RIGHTS DECLARATIONS AND CONVENTION RESOLUTIONS:
WOMAN'S RIGHTS CONVENTION MASSILON, OHIO, 1852 RESOLUTIONS.
RESOLVED, That in the proposition affirmed by the nation to be self-evidently true, that "all men are created equal," the word "MEN"is a general term, including the whole race, without distinction of sex.
RESOLVED, That this equality of the sexes must extend, and does extent, to rights personal, social, legal, political, industrial, and religious, including, of course, representation in the Government, the elective franchise, free choice in occupations, and an impartial distribution of the reward of effort; and in reference to all these particulars, woman has the same right to choose her sphere of action, as man to choose his.
RESOLVED, That since every human being has an individual sphere, and that is the largest he or she can fill, no one has the right to determine the proper sphere of another.

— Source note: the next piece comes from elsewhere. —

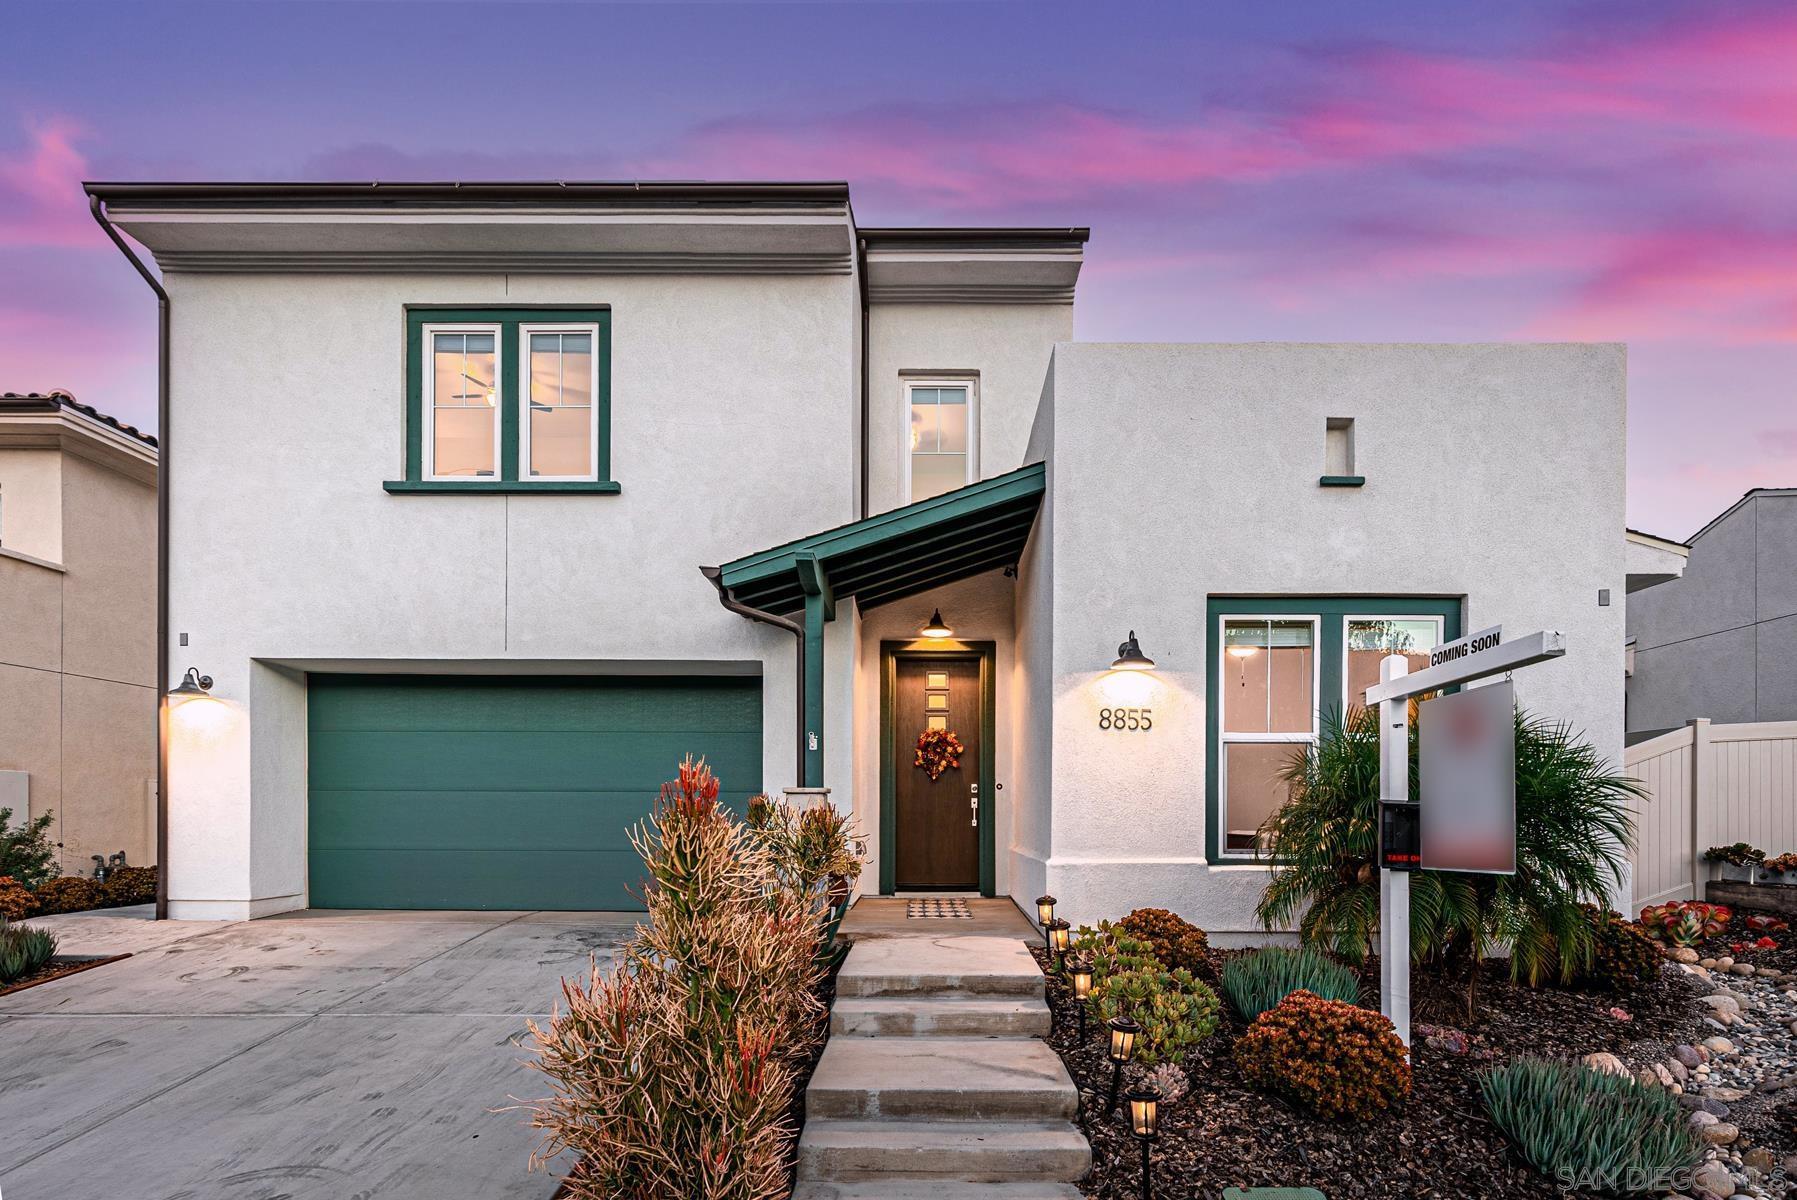 8855 Weston Road, Santee, CA 92071

RESOLVED, That the assertion of these rights for woman, equally with man, involves the doctrine that she, equally with him, should be protected in their exercise.

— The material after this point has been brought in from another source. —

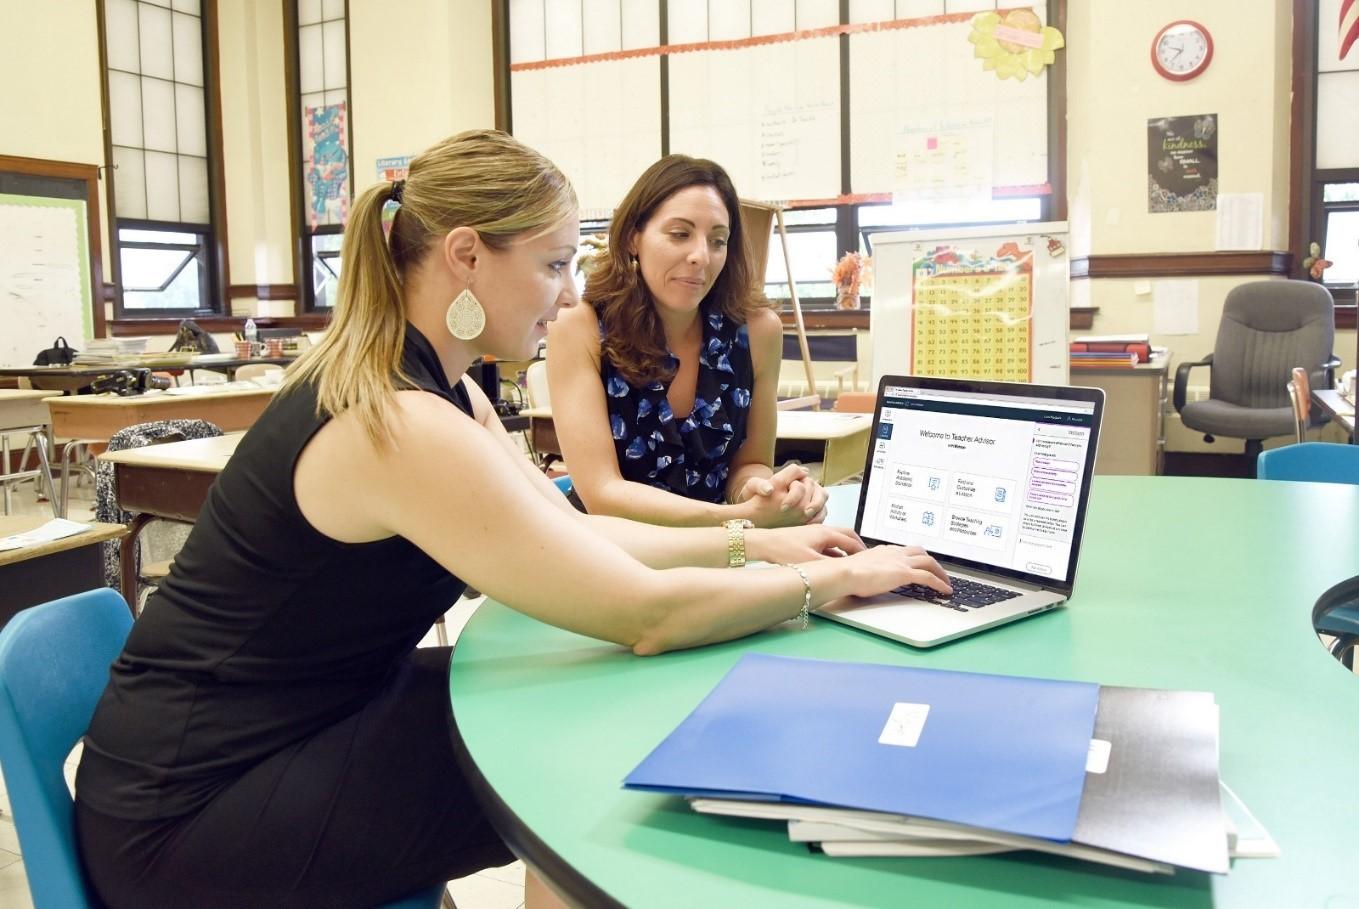 Корпорация IBM поможет учителям повысить качество обучения школьников - 1

RESOLVED, That we do not believe any legal or political restriction necessary to preserve the distinctive character of woman, and that in demanding for women equality of rights with their fathers, husbands, brothers, and sons, we neither deny that distinctive character, nor wish them to avoid any duty, or to lay aside that feminine delicacy which legitimately belongs to them as mothers, wives, sisters, and daughters.
RESOLVED, That to perfect the marriage union and provide for the inevitable vicissitudes of life, the individuality of both parties should be equally ... recognized by the parties themselves, and by the laws of the land; and, therefore justice, and the highest regard for the interests of society require that our laws be so amended, that married women may be permitted to conduct business on their own account; to acquire, hold, invest, and dispose of property in their own separate and individual right, subject to all corresponding and appropriate obligations.

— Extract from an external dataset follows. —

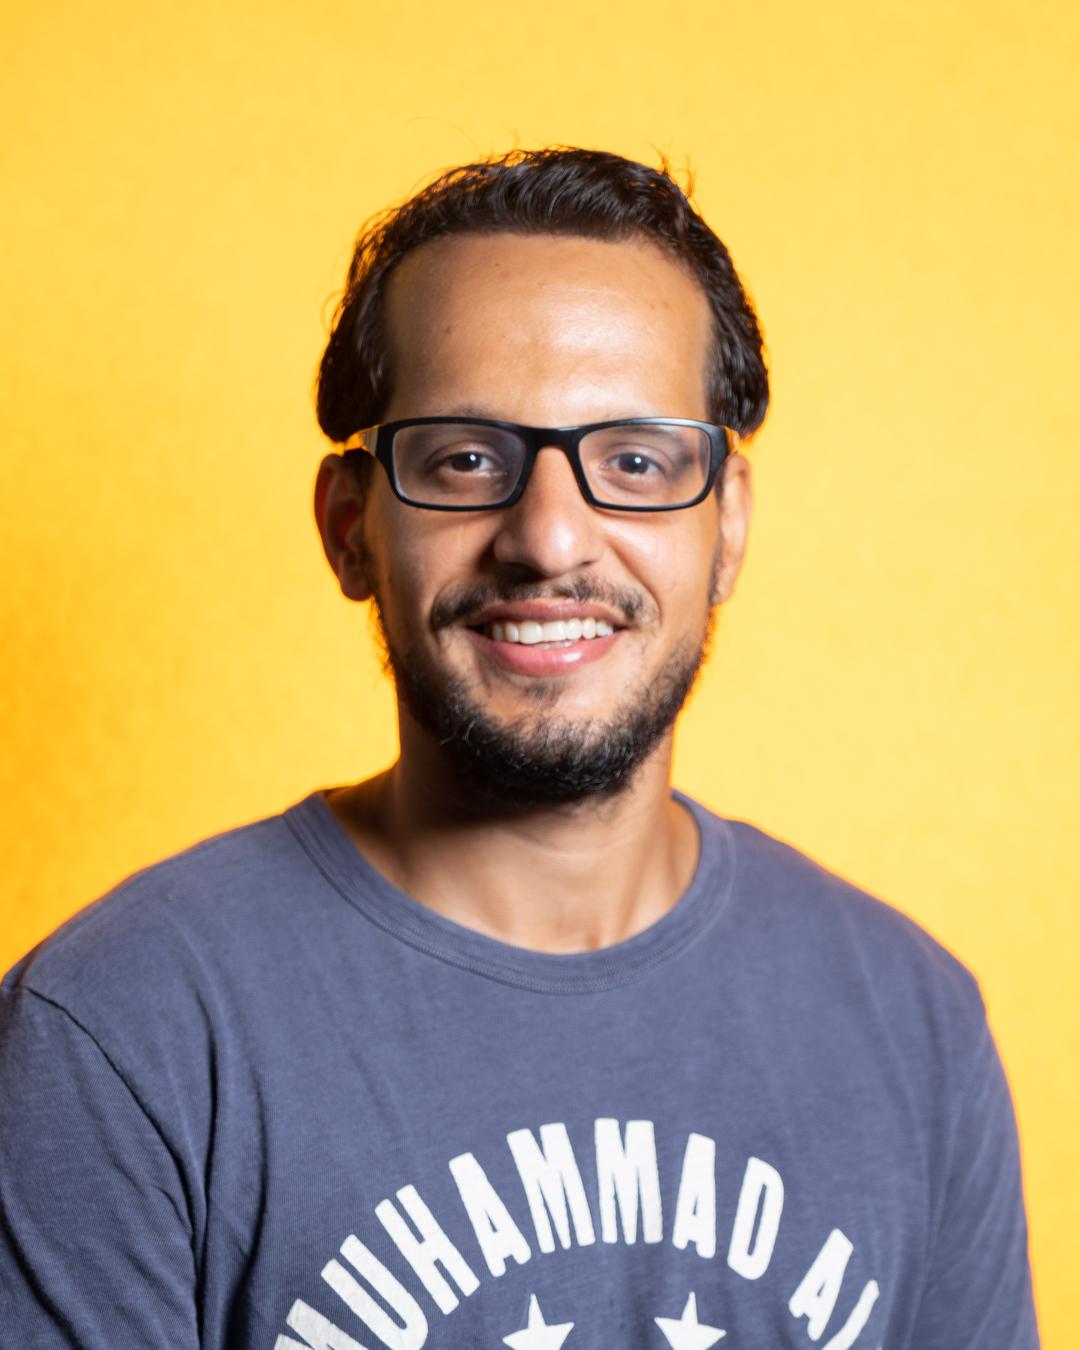 Abdulrahma Abdulla

RESOLVED, That the clause of the Constitution of the State of Ohio, which declares that "all men have the right of acquiring and possessing property," is violated by the judicial doctrine that the labor of the wife is the property of the husband.
RESOLVED, That in the general scantiness of compensation of women's labor, the restrictions imposed by custom and public opinion upon her choice of employments, and her opportunities of earning money, and the laws and social usages which regulate the distribution of property as between men and women, have produced a pecuniary dependence of woman upon man, widely and deeply injurious in many ways; and not the least of all in too often perverting marriage, which should be a holy relation growing out of spiritual affinities, into a mere bargain and sale -- a means to woman of securing a subsistence and a home, and to man of obtaining a kitchen drudge or a parlor ornament.
RESOLVED, That sacred and inestimable in value as are the rights which we assert for women, their possession and exercise are not the ultimate end we aim at; for rights are not ends, but only means to ends ... and are to be demanded in order that duties may be performed.
RESOLVED, That God, in constituting woman the mother of mankind, made her a living Providence, to produce, nourish, guard, and govern His best and noblest work from helpless infancy to adult years. Having endowed her with faculties ample, but no more than sufficient, for the performance of her great work, He requires of her, as essentially necessary to its performance, the full development of those faculties.
RESOLVED, That we do not charge woman's deprivation of her rights upon man alone, for woman also has contributed to this result, and as both have sinned together, we call on both to repent together, that the wrong done by both may, by the united exertions of both, be undone.